Study of Binding Epitopes by STD-NMR Spectroscopy and Molecular Docking of Urease Inhibitors from Lichens

Lichen polyketides (1−14), isolated from Roccella montagnei and Parmotrema cooperi,were evaluated for their urease inhibitory potential. Compound 5 (methyl-β-orcinol carboxylate) was found to be the most potent inhibitor among the series with the IC50 = 17.4 ± 3.0 μM, as compared to the standard thiourea (IC50= 21.0±0.1 μM). SAR studies revealed that mononuclear polyketidesare more potent inhibitors as compared to depsides, diphenylethers, and dibenzofurans. Saturation transfer difference (STD) NMR experiments were used to identify the structural features responsible for the inhibition of urease enzyme at the atomic levels.

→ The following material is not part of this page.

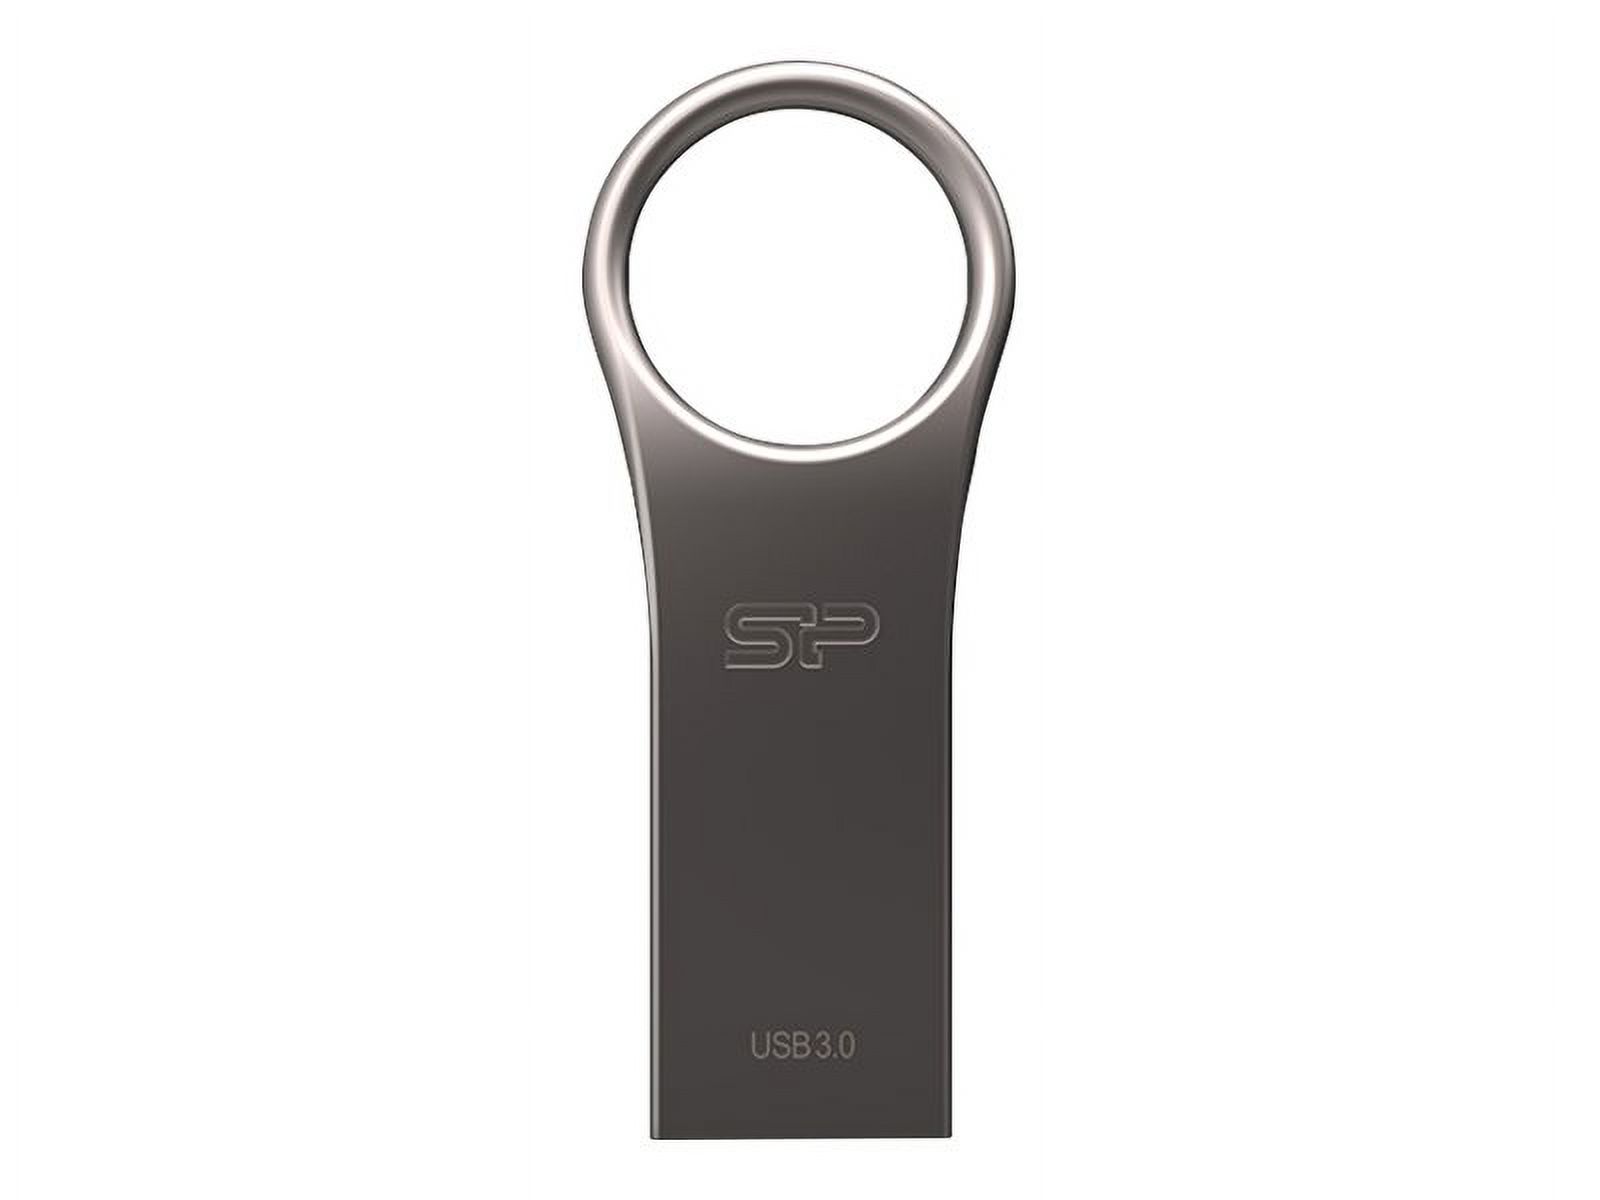 SILICON POWER Jewel J80 - USB flash drive - 128 GB - USB 3.0 - silver, titanium - image 1 of 5

STD-NMR technique revealed that aromatic moiety and methyl protons of the compound 5 are involved in interactions with the receptor protein. Since C-8 and C-10 methyl protons received the maximum saturation from the receptor protein, this indicated their close proximity to the protein. Weak STDNMR signals for lecanoric acid (8) could be attributed to its larger size. Molecular docking studies predicted that carboxylic moieties of these polyketides act as anchors to bind with the bimetallic active site of the urease enzyme.